In-universe information
- Gender: Female
- Occupation: Secretary
- Nationality: American

= Della Street =

Confidential secretary of Perry Mason

Della Street is the fictional secretary of Perry Mason in the long-running series of novels, short stories, films, and radio and television programs featuring the fictional defense attorney created by Erle Stanley Gardner.

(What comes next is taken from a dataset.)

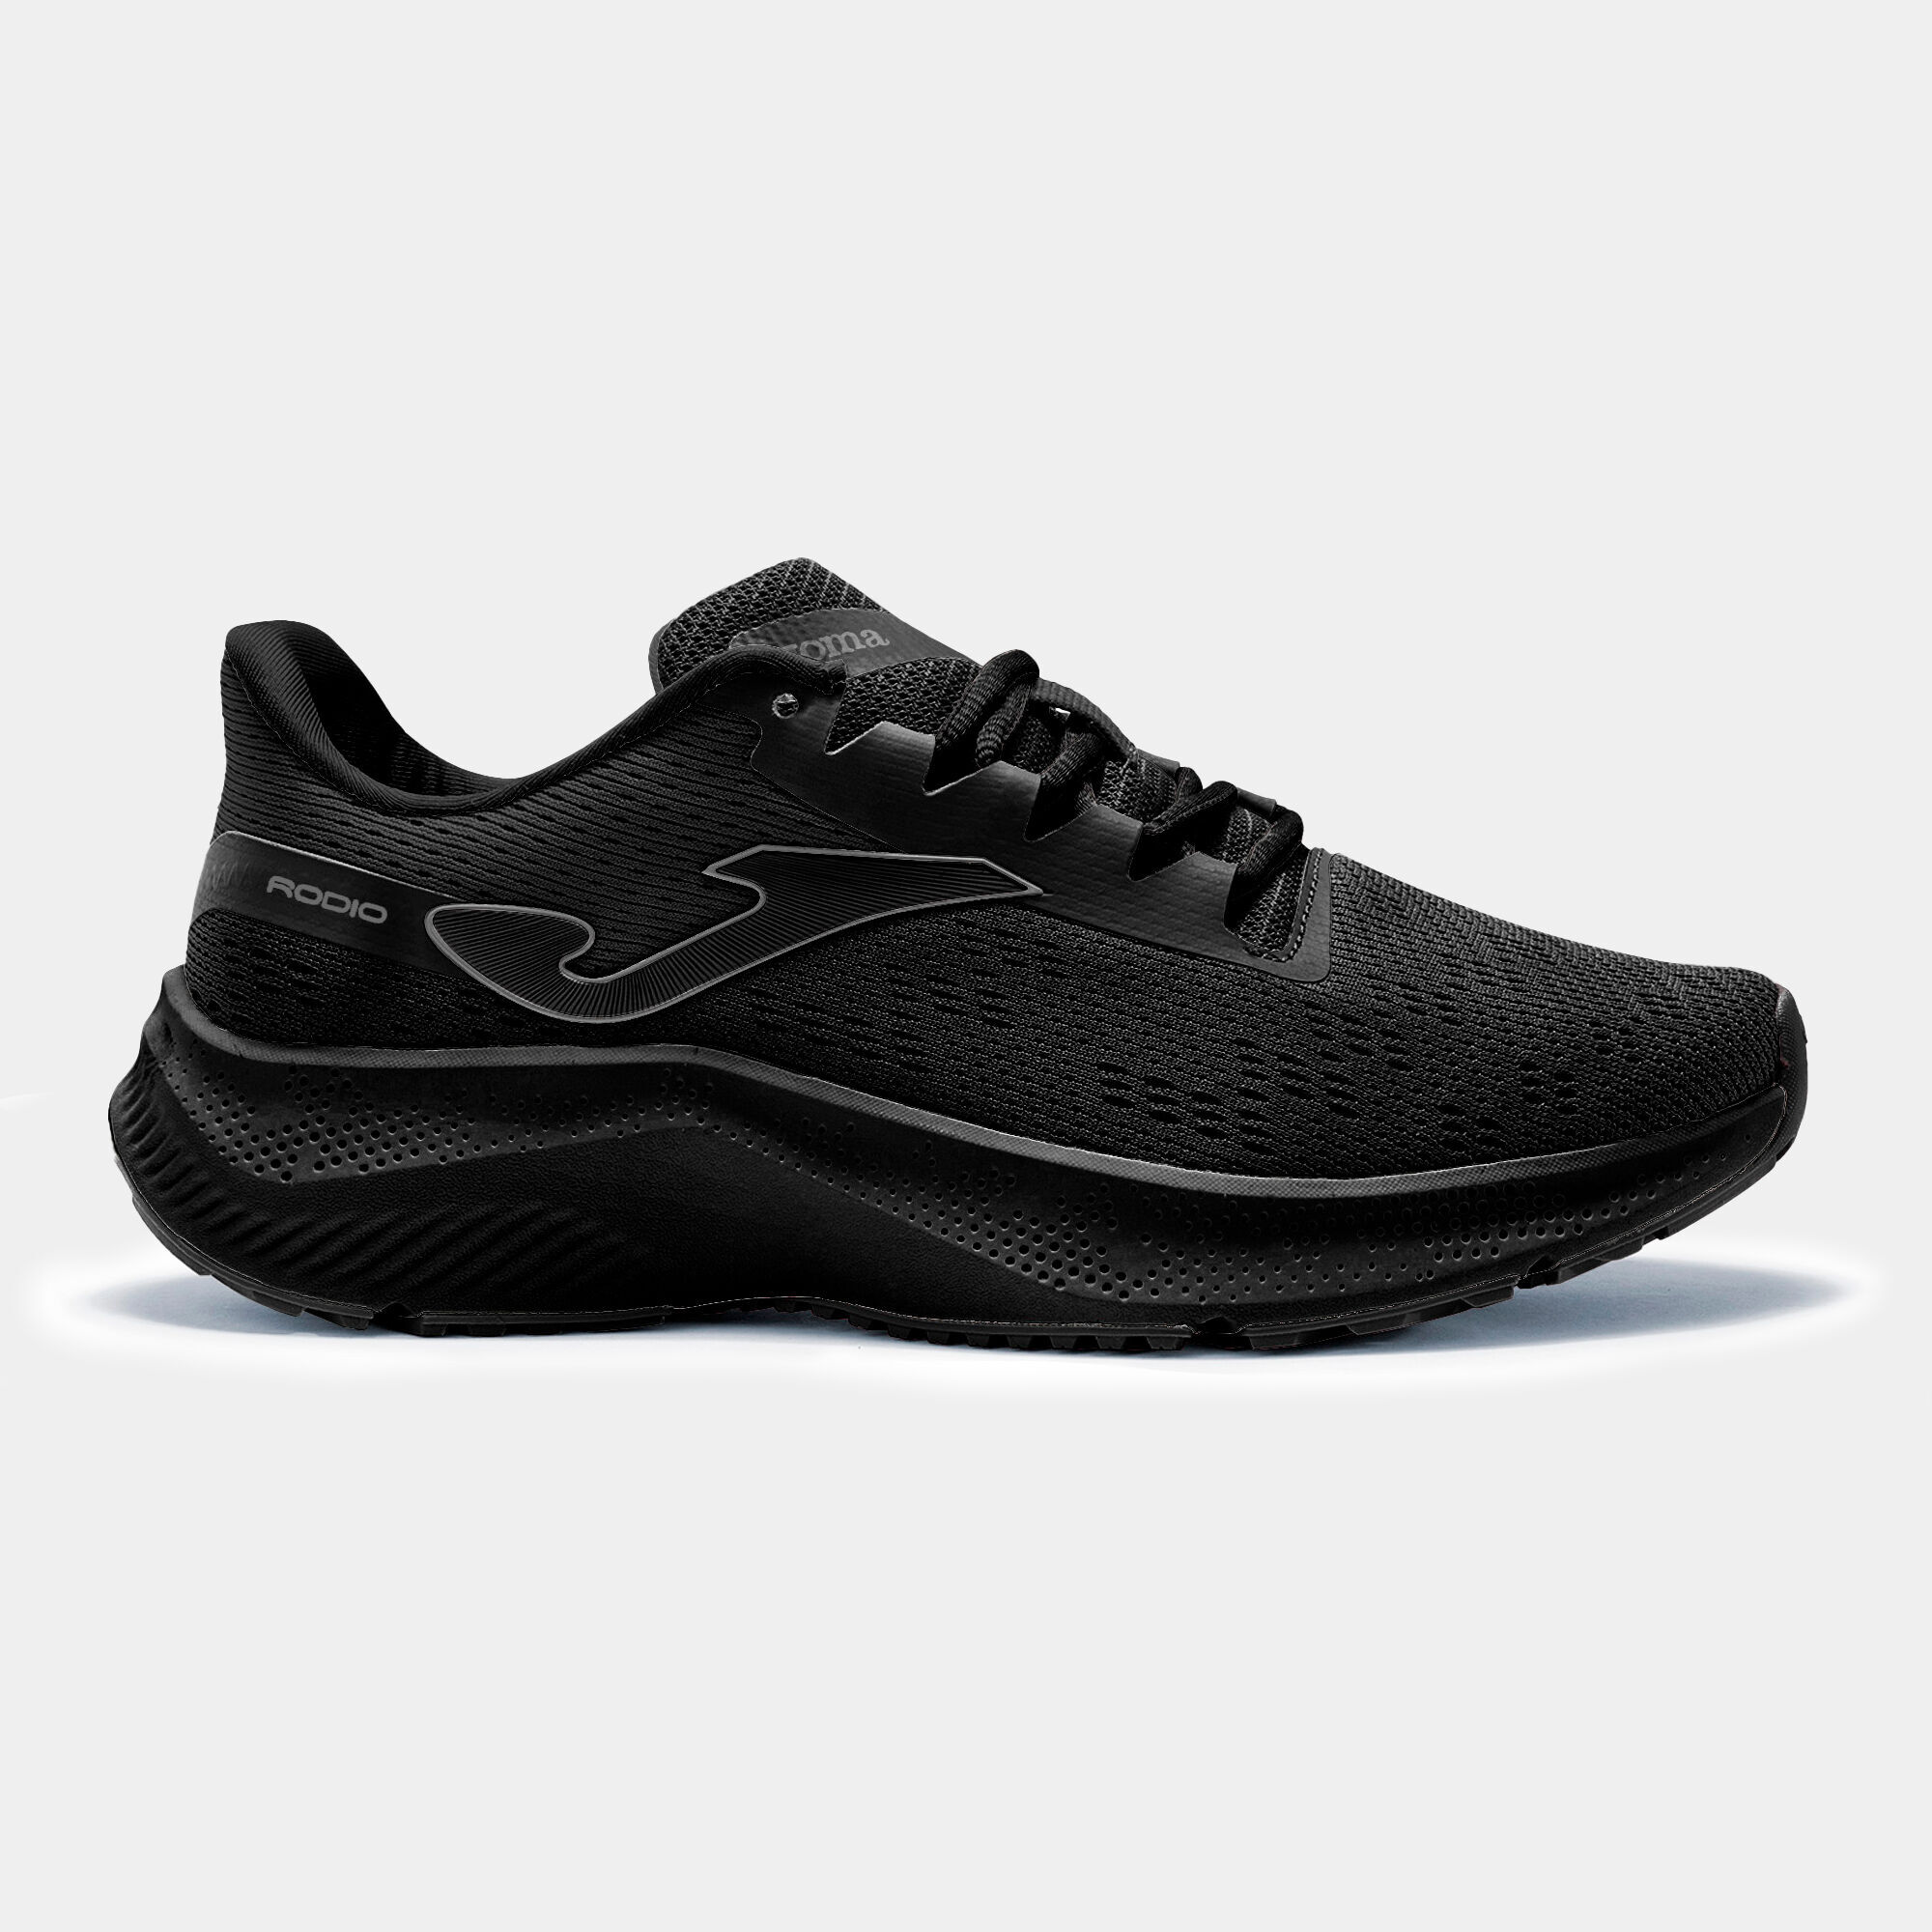 Мужские кроссовки для бега Joma Rodio RRODIW2231 | Интернет-магазин  Five-sport

In 1950, Gardner published the short story "The Case of the Suspect Sweethearts" under the pseudonym Della Street.

==Description==
===Original novels===
A character named Della Street first appeared in Gardner's unpublished novel Reasonable Doubt, where she was a secretary, but not the secretary of the lawyer, Ed Stark. Gardner described her this way: "Della Street … Secretary, twenty-seven, quiet, fast as hell on her feet, had been places. Worked in a carnival or side show, knows all the lines, hard-boiled exterior, quietly efficient, puzzled over the lawyer, chestnut hair, trim figure, some lines on her face, a hint of weariness at the corners of her eyes." When Gardner submitted Reasonable Doubt to William Morrow, an editor suggested that "Della Street is a better character than the secretary." Gardner took this suggestion when he rewrote Reasonable Doubt as The Case of the Velvet Claws and made Della Street Perry Mason's secretary. In the published novel, the carnival or side show was jettisoned, and Street came from a more "respectable" background.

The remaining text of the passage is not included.